Par ailleurs il s’observe que n’est pas explicitée l’intrication entre la société intimée et la société Goliath, qui en l’occurrence absorbait l’apport financier versé par la société Moët en facturant à Rock’MB, dont il ressort d’un autre échange de mails du 10 mars 2017 que M. X en était à tout le moins un des associés. À l’occasion de cet échange portant sur le concept de La Bouche, M. A lui indiquait qu’ 'il est totalement exclu que Rock’MB paye ses factures tant que Rock’MB ne sera pas propriétaire du site que tu as déposé en toute illégalité au nom de Goliath alors que tu es salarié de Rock’MB', ce à quoi le salarié appelant répondait 'il n’y a rien d’illégal je te rappel encore et toujours que Goliath devait être impliqué depuis le départ en tant qu’actionnaire, je n’ai aucun souci que tu puisses jouir du concept La Bouche que j’ai créer de A à Z et pour lequel tu es intervenu financièrement'.
- les mails du 19 janvier 2017 relatifs à la facturation de la société Moët à un prix unitaire supérieur aux précédentes commandes montrent l’échange suivant :
M. A 'Nous nous retrouvons dans le même cas de figure qu’avec Heineken : argent reçu en compensation de prix plus cher ce que j’ai immédiatement stoppé.
Je pense que tu ne dois pas être au courant car tu m’avais bien précisé que les donations se rajoutaient a la tarification la plus basse ce qui était la base de mon accord. Tu m’avais également précisé qu’il n’y avait pas de contrat. Il n’y a donc aucun référentiel pour vérifier cet accord'
M. X 'l’accord est uniquement sur notre engagement à servir leur produit en exclu. Avec Eddy nous sommes partis du tableau avec référence et prix droits compris SANS TENIR COMPTE DE L’ACCORD D’AVANCE (de mémoire 3€/cols hard alcool)'
M. A 'Tant que cette ambiguïté n’es pas levée je ne peux considérer la facturation comme acceptable et la met en suspens'.
M. X 'absolument, c’est normal'
M. A : 'Elle rémunère en effet une plus value (ce que toi et seulement toi peut obtenir) et non la différence entre un prix public et un prix que tout acheteur peut négocier.

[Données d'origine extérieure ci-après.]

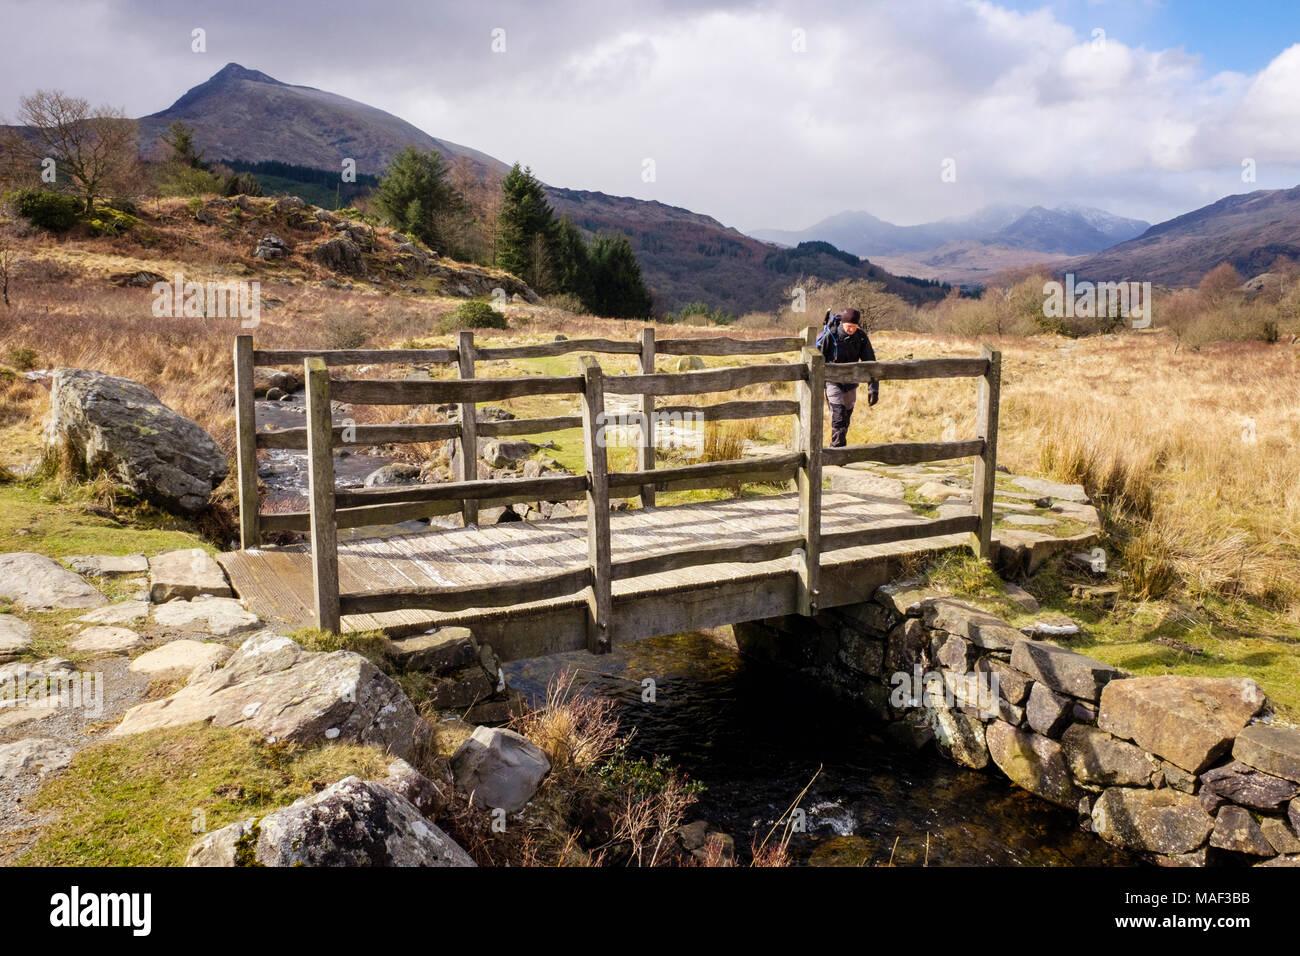 Escursionista in un paese a piedi avvicinando passerella in legno che attraversa un flusso su un sentiero nel Parco Nazionale di Snowdonia. Capel Curig Conwy Wales UK Gran Bretagna Immagini Stock
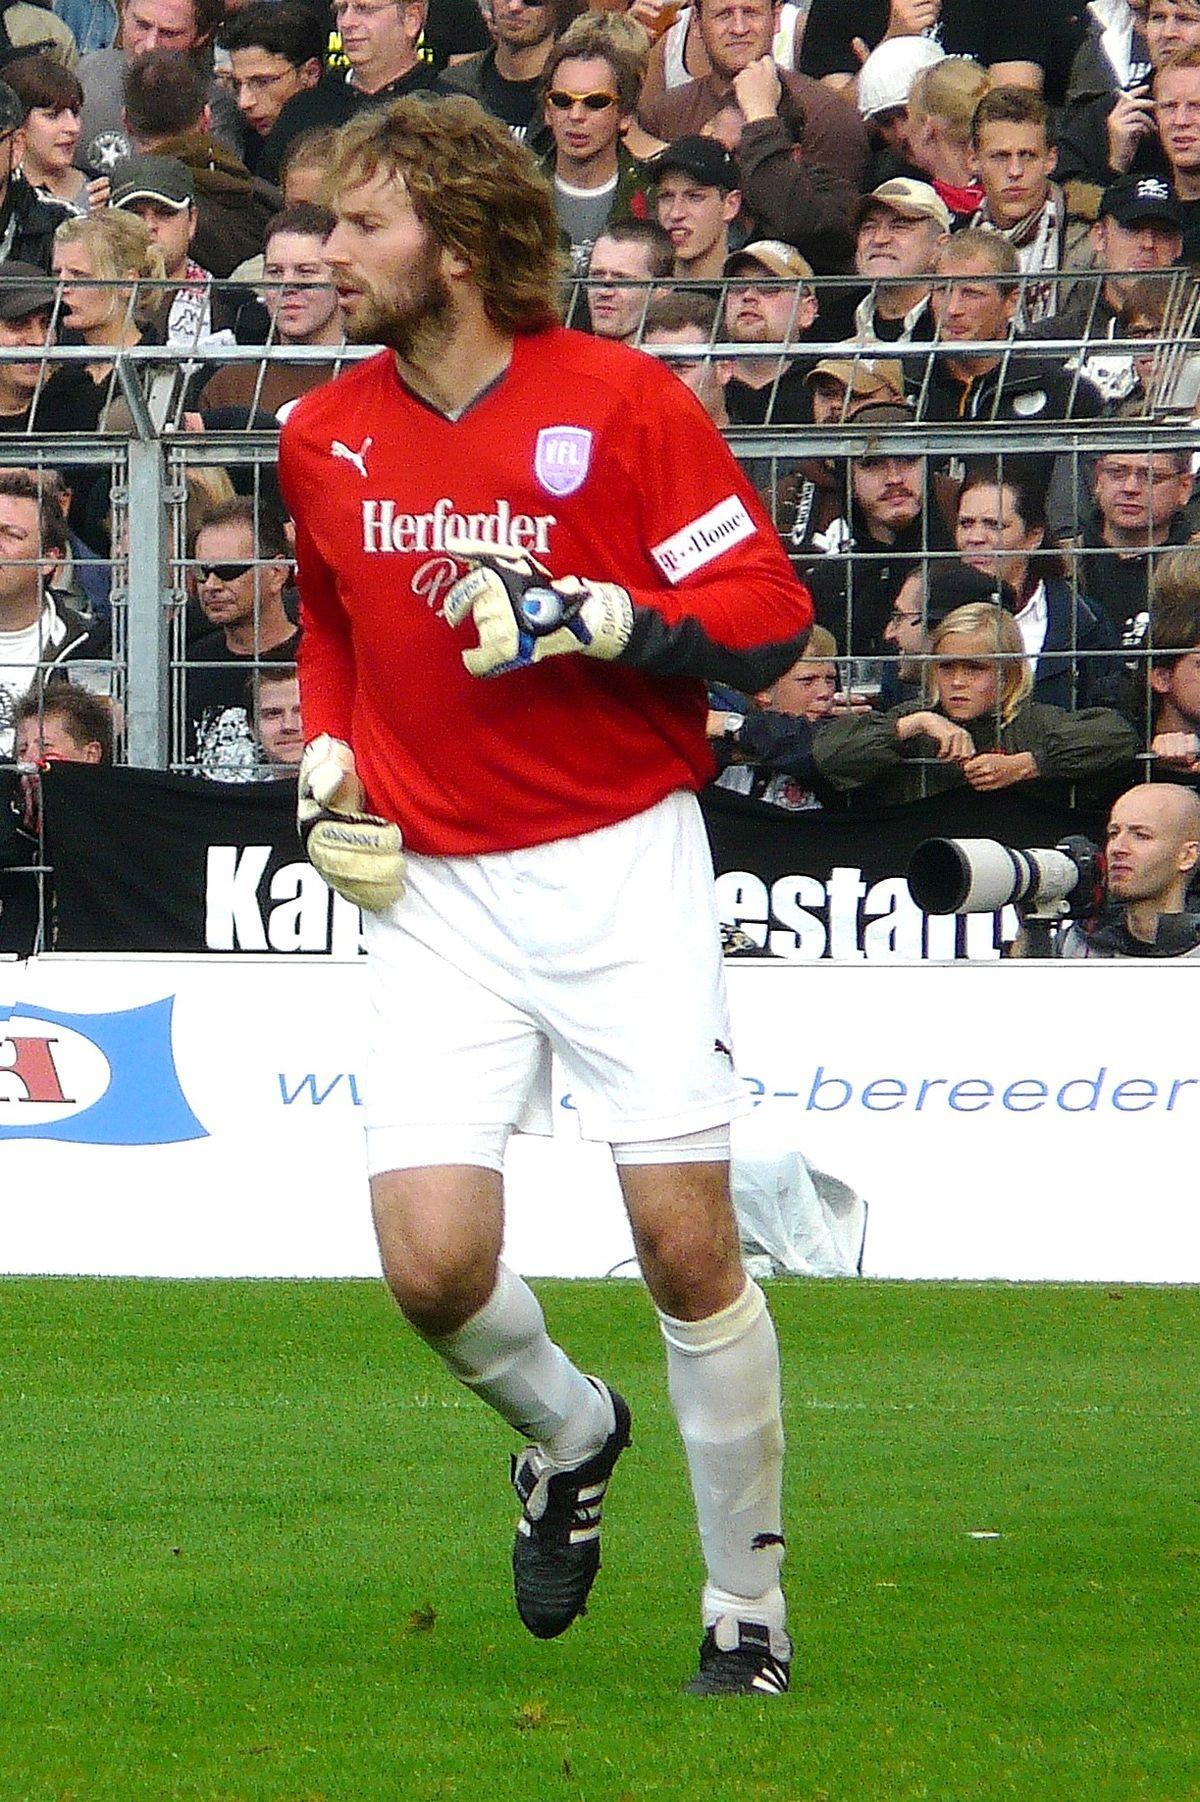 Bk Osnabrück

Si les sommes versées ne sont que la contrepartie de remise versée d’avance'
M. X 'C’est le cas'
M. A 'sur des prix fictivement plus haut'
M. Y 'non justement ça doit correspondre aux accords / échanges et tarifs que l’on a validé moi avec eux et avec toi'
M. A ' tous les vendeurs d’alcool font la même chose et tu sais que sans besoin de trésorerie cela ne sert à rien et que je le refuse'.
M. Y ' tu as toujours été clair'
M. A ' S’il y a un malentendu avec le représentant, nous leur rendrons l’argent'
M. Y 'je m’en occupe. merci'
M. A 'Espérant qu’il s’agit d’une erreur de facturation'
Il en ressort qu’à cette date, où un contrat avec la société Moët était déjà signé par M. X, celui-ci ne dément pas l’affirmation de l’employeur selon laquelle il lui avait indiqué qu’aucun contrat écrit n’avait été conclu, que la somme perçue rétribuait la seule exclusivité de l’approvisionnement et reconnaît avoir connaissance du refus de son employeur de recourir à un mécanisme de financement par remise d’avance qui certes permet un apport immédiat en trésorerie mais en contrepartie implique un coût pour la société compte tenu des prix payés.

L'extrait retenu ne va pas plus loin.